Пока я раздумывал, причем тут какой-то Юра, лодка миновала черные утесы, и остров буквально распахнул объятия — перед нами открылась дивная песчаная бухта.

Вверх по склону поднимались деревья, усыпанные белыми, лучистыми цветами. Из небольшой пещерки раздавалось оживленное квохтанье, будто там находился курятник. А с горы, из серебристой рощи, донеслось такое радостное козлиное блеянье, какого я сроду не слышал.

— Привет от моих подопечных — морских котиков да диких коз! — Паппус прыгнул в воду и вытолкнул лодку на берег, — Что скажешь, Эци Кеци? Как тебе мой остров? Уверен, другого такого нет во всем мире!

— А почему ты называл его Юра? Ведь у твоего другое имя…

— Ну да, — согласился дед, выгружая ящики и канистры. — У моего острова немало имен. Все зависит от того, какие у тебя с ним отношения. Для некоторых это остров Циклопов. Другие величают его Дьявольским или Козлиным. Есть и старинное имя Геронтия. Но если совсем по-дружески, то он — просто Юра.

Взвалив на спину пару ящиков, взяв в руки по канистре, Паппус всучил и мне увесистую железяку, непонятного назначения. И по крутой петляющей тропе мы двинулись вверх.

Шелестели над головой лавровые и земляничные деревья. Под ногами шмыгали маленькие ящерицы. Черепахи, вытягивая морщинистые шеи, разглядывали нас. Неподалеку остановились две козы — белая да черная — и долго кивали вслед рогатыми головами.

Дед Паппус уже взмок, но шел размеренно, бормоча в такт шагам древнюю песню о приключениях хитроумного грека Одиссея. А получалось у него жутко современно, на манер рэпа.
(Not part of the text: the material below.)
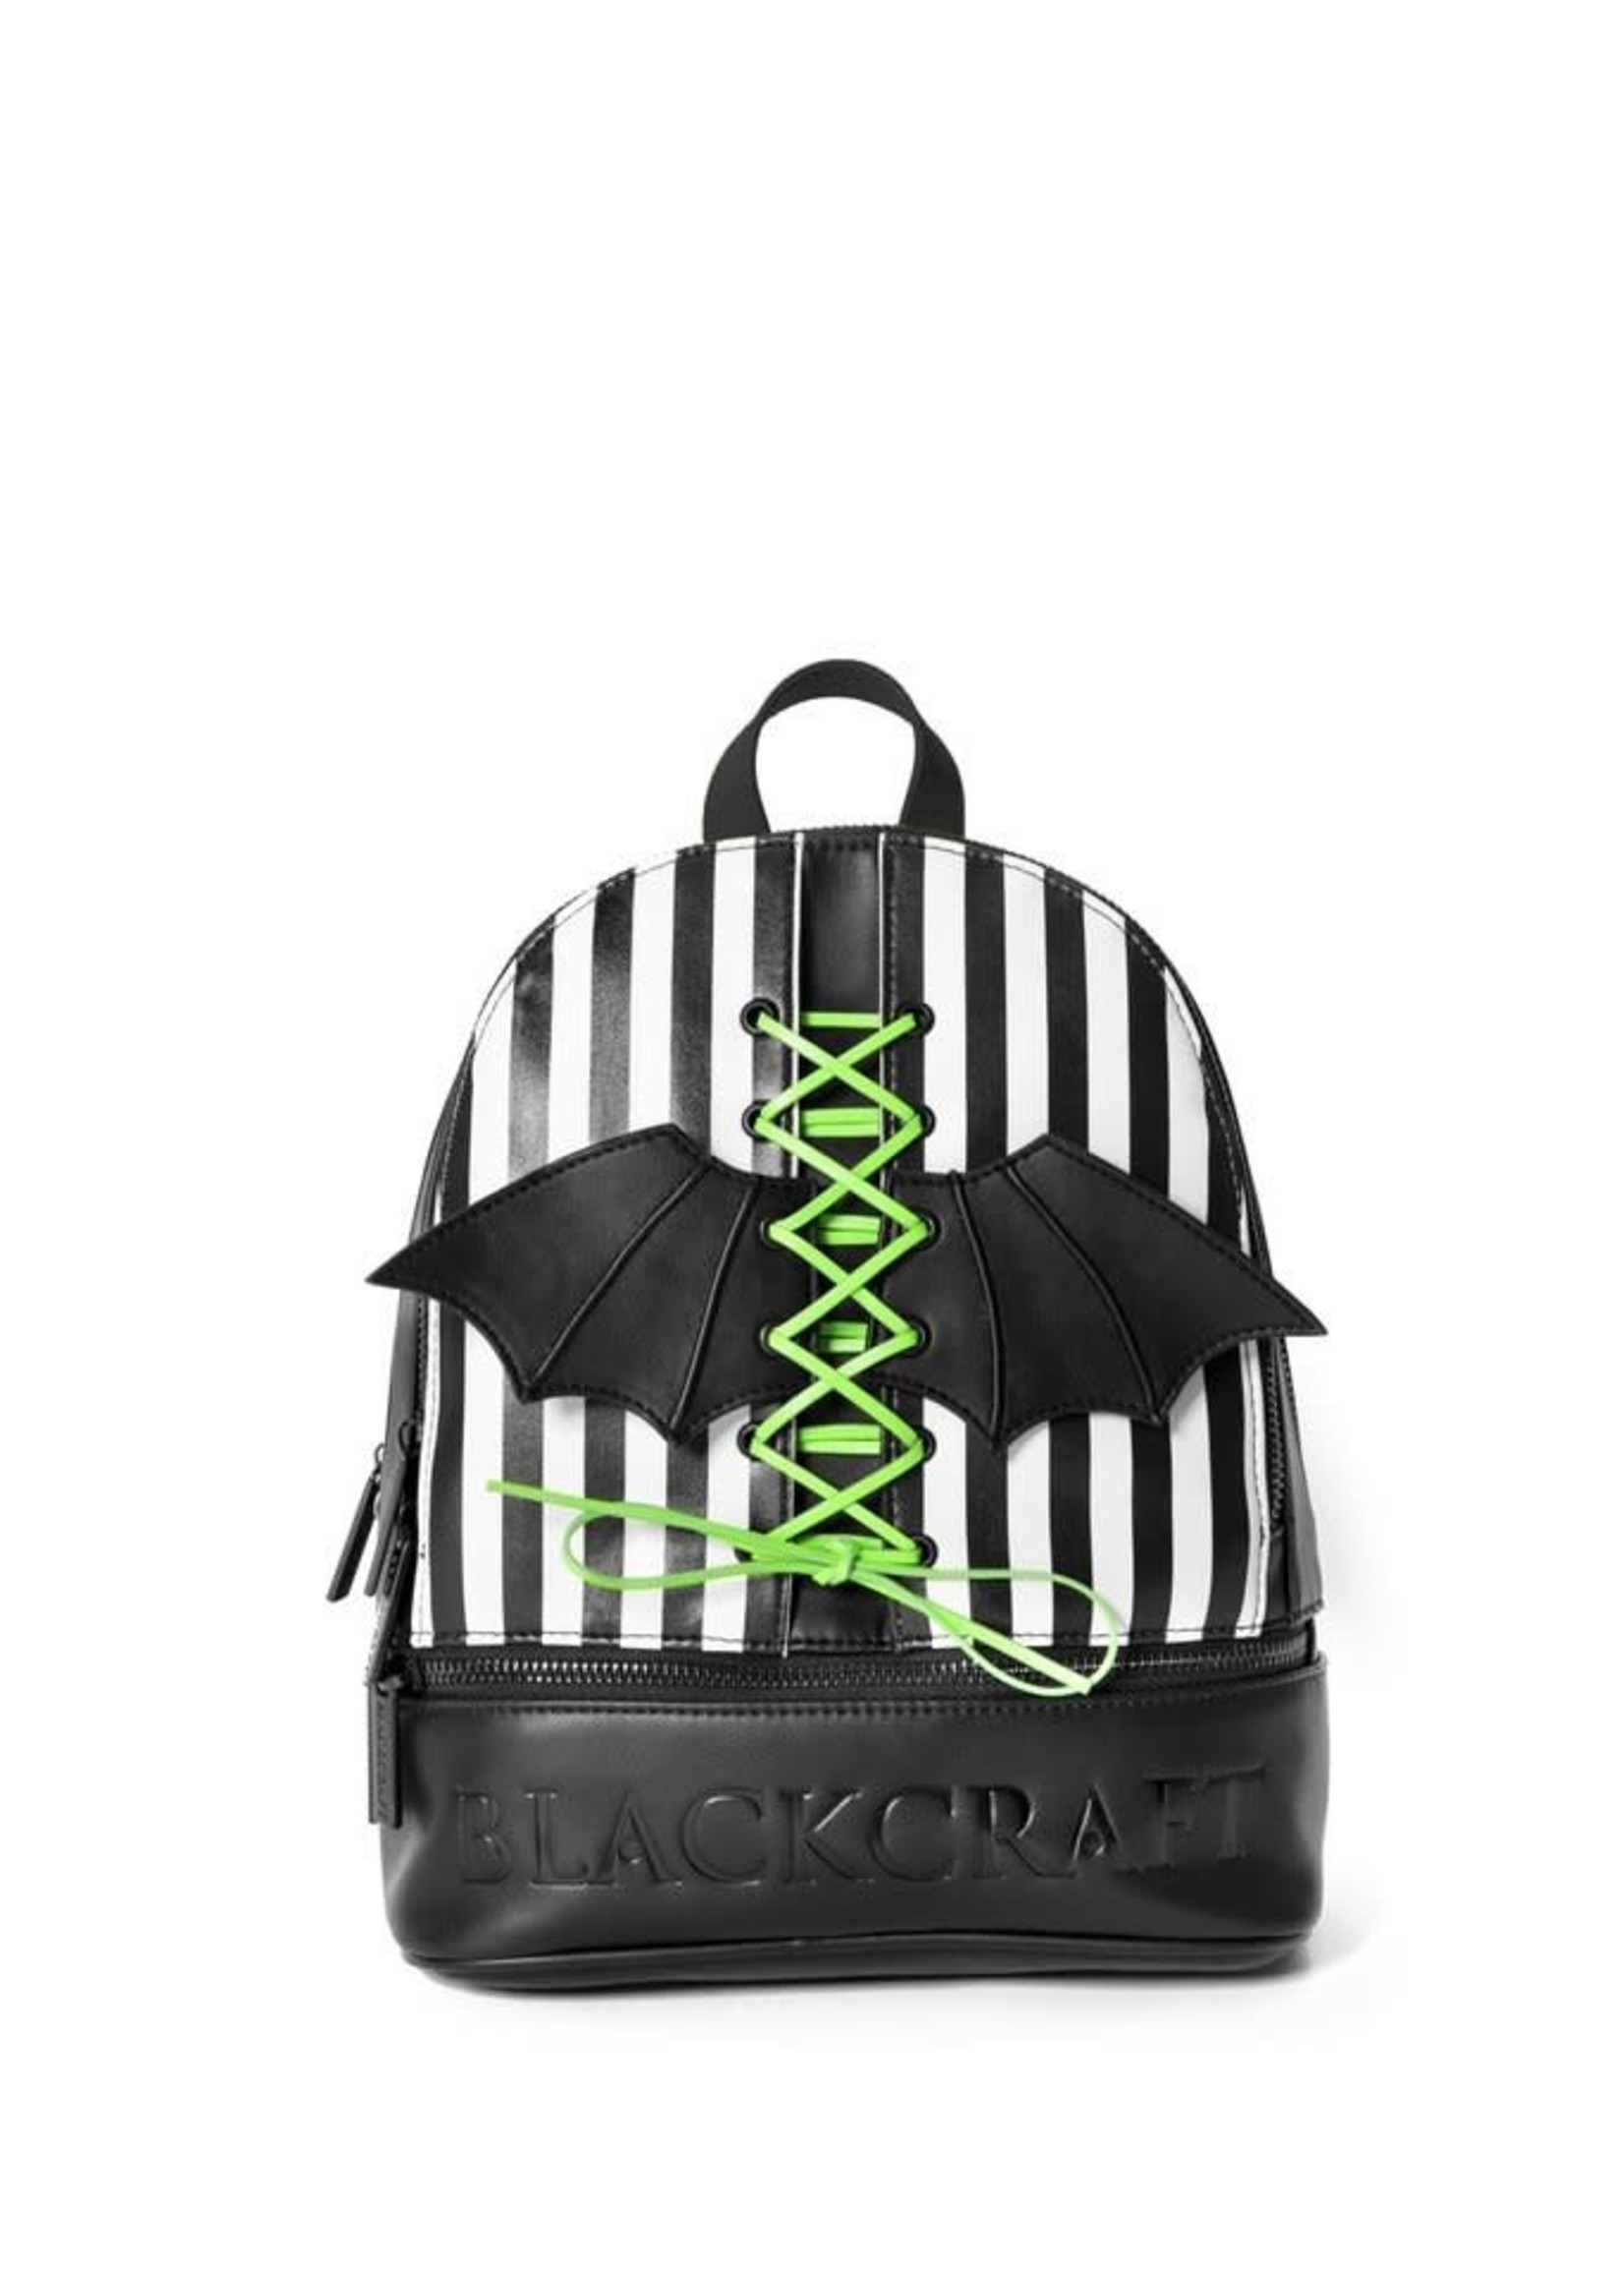 Blackcraft Cult Blackcraft Cult Bat Wing Stripe - Lace Up Backpack

Быстро достигли мы близко лежащего края циклопов.
С самого боку высокую мы увидали пещеру
Близко от моря, над нею — деревья лавровые. Много
Там на ночевку сходилось и коз и овец. Вкруг пещеры
Двор простирался высокий с оградой из вкопанных камней,
Сосен больших и дубов, покрытых густою листвою.
Муж великанского роста в пещере той жил. Одиноко
Пас вдалеке от других он барашков и коз. Не водился
С прочими. Был нелюдим, никакого не ведал закона.
Выглядел чудом каким-то чудовищным он и несходен
Был с человеком, вкушающим хлеб, а казался вершиной
Лесом поросшей горы, высоко над другими стоящей.

6

Сам остров Юра мало изменился с тех пор, как его посетил Одиссей. В общем, симпатичное место. Особенно приятно, что циклопы уже повымерли, не встретимся.
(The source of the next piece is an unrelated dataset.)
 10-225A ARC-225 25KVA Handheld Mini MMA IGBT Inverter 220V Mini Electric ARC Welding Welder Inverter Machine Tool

Другое меня огорчало. Не похоже, что в таких диких краях проживают настоящие миллионеры…

И все же я еще надеялся увидеть огромную виллу, вроде дворца, со всеми удобствами.

Мы уже высоко забрались, примерно на тридцатый этаж без лифта. Обошли гигантский пробковый дуб, под которым паслась небольшая — кофейная, с молочными пятнами — корова.
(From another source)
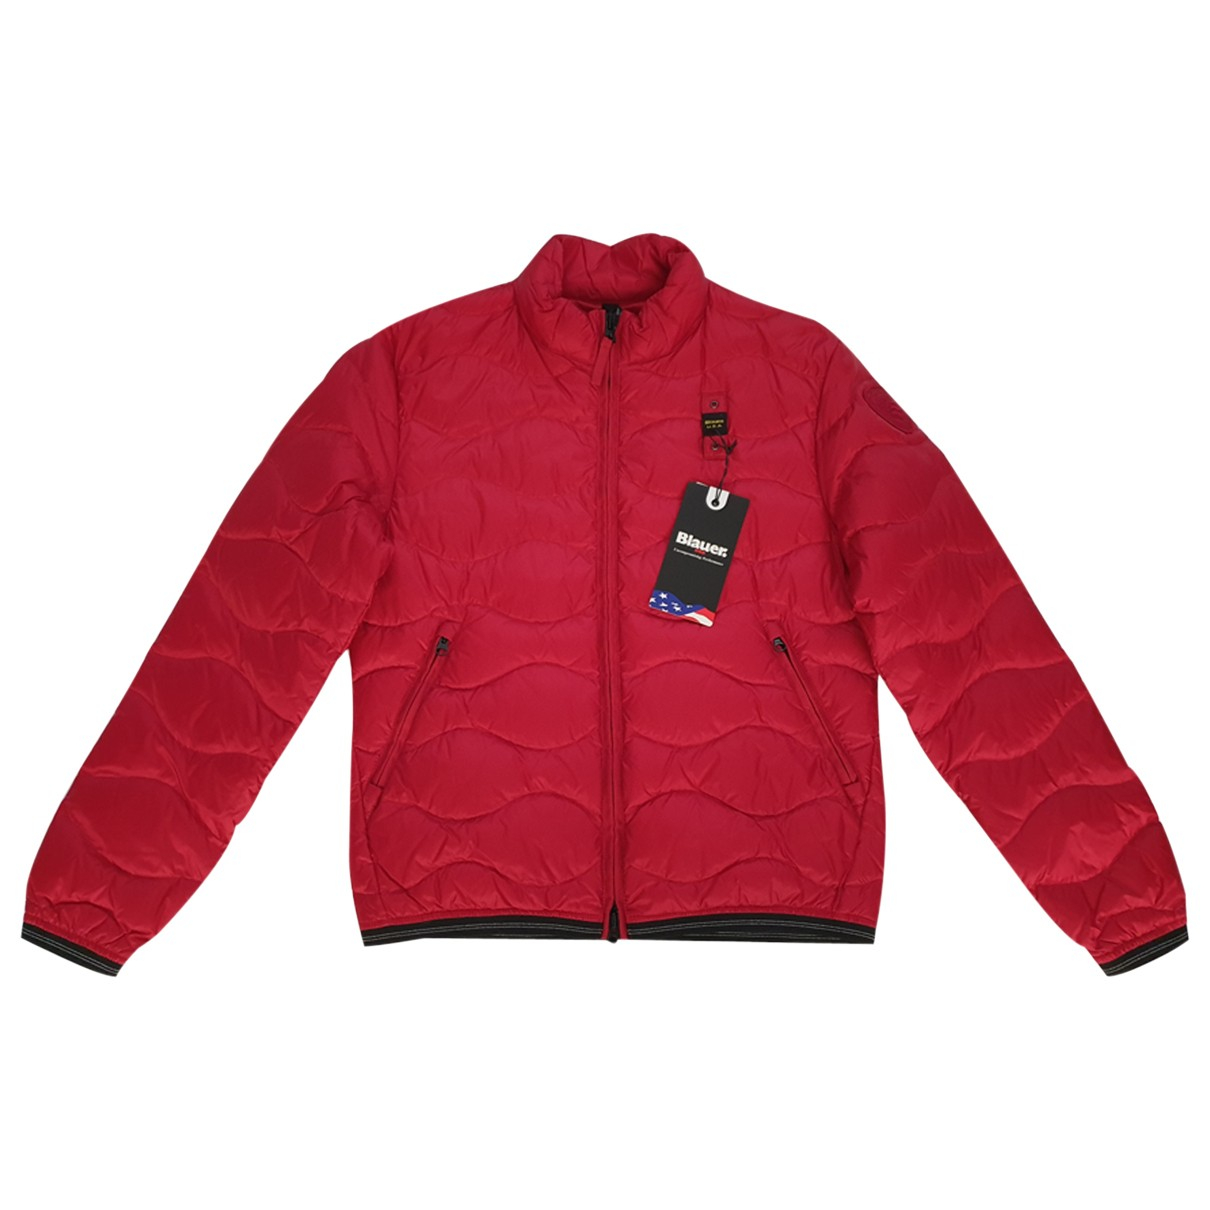 Blauer N Red jacket  for Men XL International

— Вот мы и дома! — объявил дед Паппус.

И тут я увидел жалкий полукруглый домишко в два окна, прилепленный прямо к скале.

Руки мои ослабли, разжались сами собой. Железная болванка звонко цокнула по камню, подпрыгнула, прокатилась меж кустов и засвистела вниз с обрыва, булькнув под конец.

— Эх, Эци Кеци, дюже ловок! — крякнул дед, открывая дверь, — Заходи, устраивайся, а я спущусь за остальным грузом да поищу на дне шестерню…

Внутри было прохладно и сумеречно. Разглядев скромное жилище, я удивился, насколько оно велико. Единственная комнатка через арочный проход соединялась с громадной пещерой, стены которой терялись во мраке.

Да, все это меня здорово подкосило.

Еще утром был в Москве с родителями в благоустроенной квартире. И вот — нате вам! — какая-то циклопская берлога посреди моря. Ни компьютера, ни телевизора, ни холодильника…

Хорошо, есть лампочка под потолком. Я тут же пощелкал выключателем, но без толку…

Ну и каникулы мне устроили! Хуже любого злодейского похищения! Там хоть можно надеяться, что быстренько выкупят. А в моем случае — полная безнадега. Сиди до конца лета впотьмах среди черно-белых коз…

Теперь я отлично понимал, что испытывал Робинзон Крузо, очутившись за тридевять земель от родины на необитаемом острове.

7

Такие горькие мысли одолели меня. Даже не заметил, как вернулся мокрый дед Паппус со своими глупыми ящиками.

— Увы и ах! Сколько ни нырял, а шестеренку для электромотора не отыскал. Наверное, рак-отшельник уволок или бесстыдница-каракатица, — вздохнул он, вроде бы извиняясь, — Придется, любезный, посидеть пару дней без света…

Зорко на меня глянув, покачал головой:

— Неужто, Эци Кеци, все здесь так скверно?

— Хуже не бывает, — буркнул я, — Вообще без электричества жить не могу. Сразу аллергия — насморк, куриная слепота и свинка …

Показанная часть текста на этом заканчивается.